Gibt es auch 25 Jahre nach der Wiedervereinigung immer noch Unterschiede zwischen Ost und West?

Meine persönliche Beobachtung hier in Leipzig ist, dass es für viele selbstverständlich ist, nackt zu baden. In der DDR hatte das einen besonderen Stellenwert und konnte sich so gut halten, weil es ein Moment des Handlungsspiel- und Freiraumes war, ein Gefühl, wenigstens am Ostseestrand unbehelligt zu sein.

„Der Druck hat sich erhöht“

Mit welcher Aussage ist denn Nacktheit heute verbunden? In den Medien und in der Werbung werden nackte Körper gezeigt, die perfekt sind. Herrschte früher ein moralischer Zwang und heute ein ästhetischer?

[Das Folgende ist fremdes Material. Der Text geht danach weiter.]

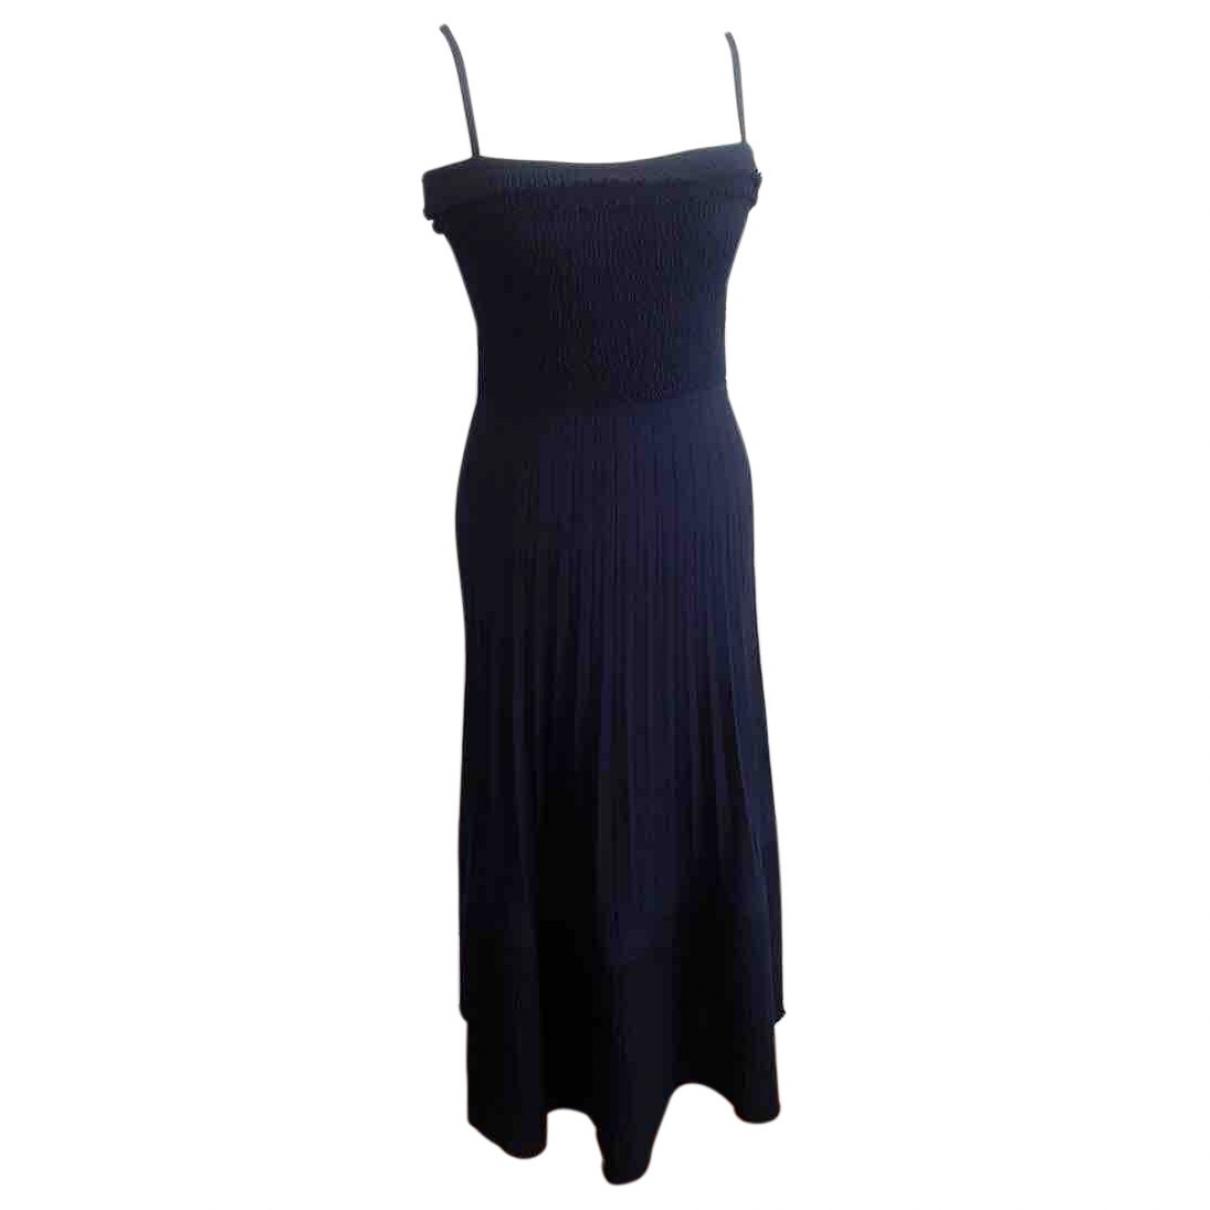 Salvatore Ferragamo \N Kleid in Baumwolle

Die massive Visualisierung von perfekten Körpern hat den Normierungsdruck sehr erhöht. Das ist in der frühen FKK-Bewegung aber nicht unbedingt anders gewesen, denn auch die Fotos von damals haben nicht den durchschnittlichen Körper dargestellt. Im Vergleich zu heute waren die Körper allerdings untrainierter. In James-Bond-Filmen aus den 1970er-Jahren zum Beispiel sind die Frauen zwar sehr schlank, aber sie haben auch Cellulite. Heute sind sie stundenlang im Fitnessstudio, um sich nackt zeigen zu können.

Welches Image hat Nacktheit heute in Deutschland?

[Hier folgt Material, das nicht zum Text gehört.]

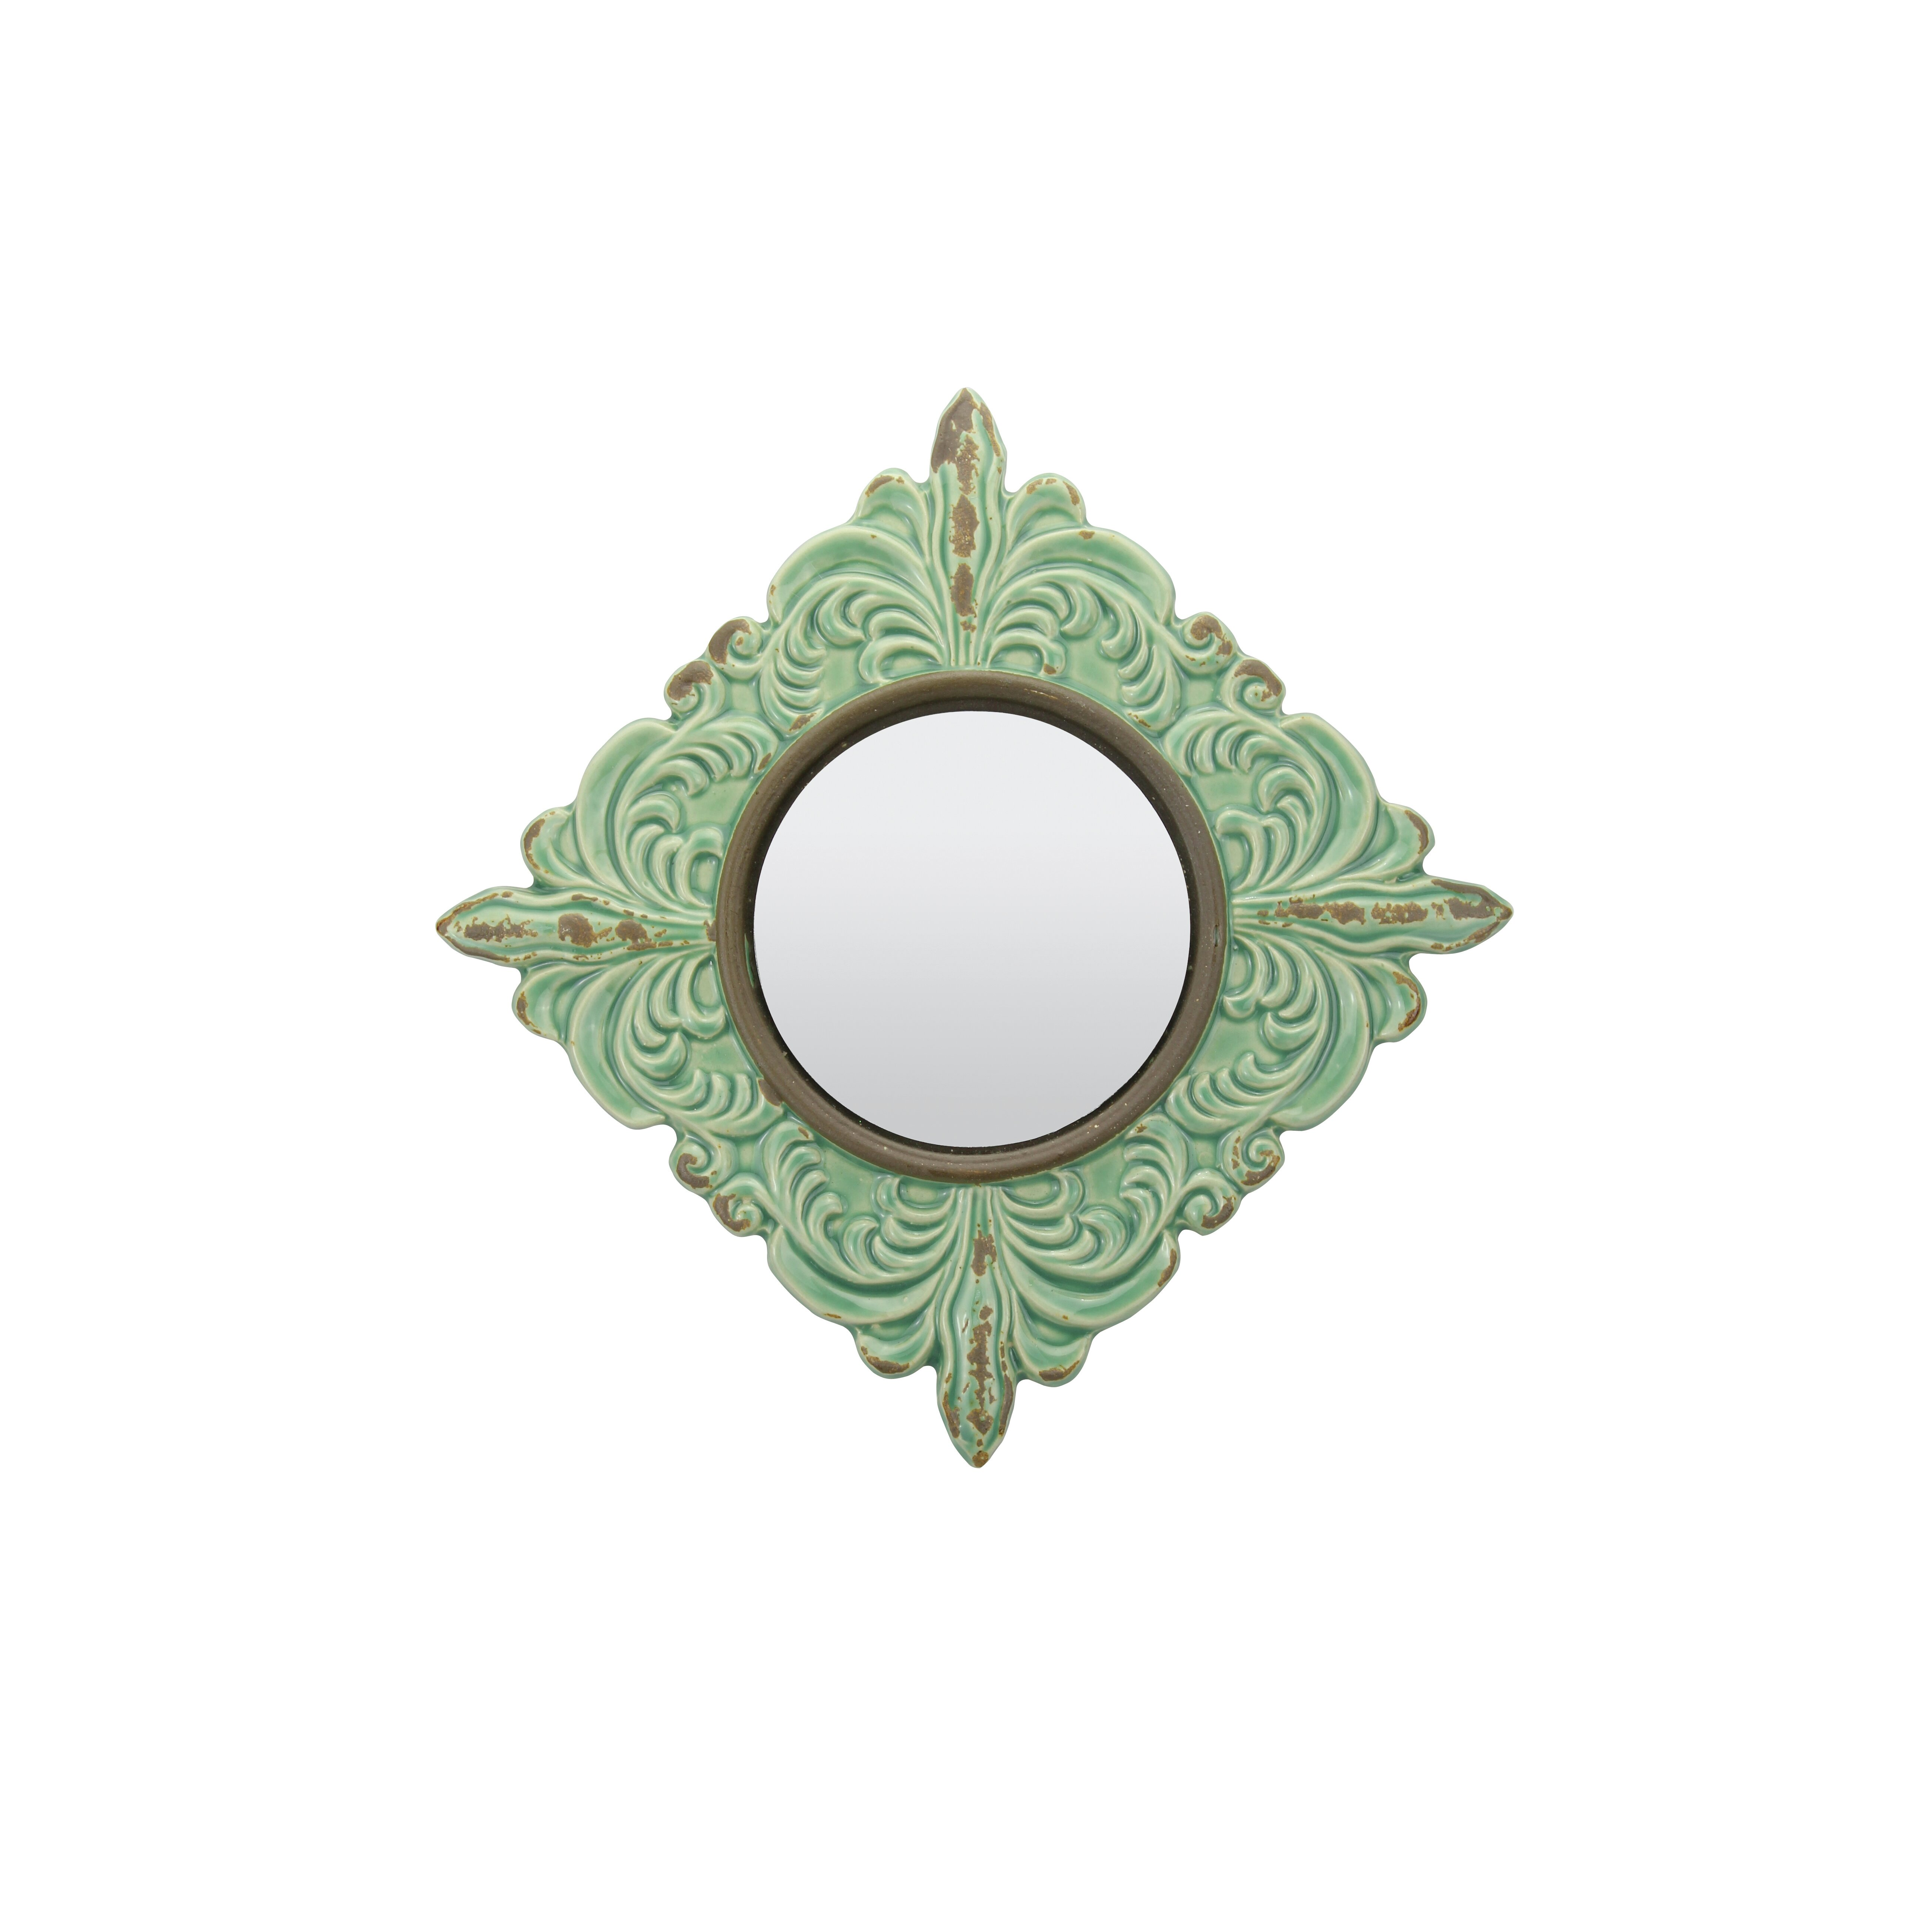 CKK Home Du00e9cor, LP Parisian Worn Ceramic Distressed Wall Mirror in Turquoise u0026 Reviews : Wayfair.ca

Wer nackt baden oder nackt in die Sauna gehen will, der tut es einfach. Das ist selbstverständlich geworden. Auf der anderen Seite verändert sich das lange Zeit dominante Bild, dass Nacktheit durchaus natürlich ist, weil wir zum einen durch globale Medien und zum anderen durch Migration mit sehr unterschiedlichen Körperbildern in Berührung kommen. Das wird uns die nächsten Jahre noch beschäftigen.
 
Prof. Dr. Maren Möhring ist Geschäftsführende Direktorin des Instituts für Kulturwissenschaften an der Universität Leipzig. Seit vielen Jahren beschäftigt sie sich mit der Geschichte und dem Verhältnis der Deutschen zur Freikörperkultur. Sie hat über „Marmorleiber. Körperbildung in der deutschen Nacktkultur (1890–1930)“ promoviert und ist Mitbegründerin sowie Herausgeberin der Online-Zeitschrift „Body Politics. Zeitschrift für Körpergeschichte“.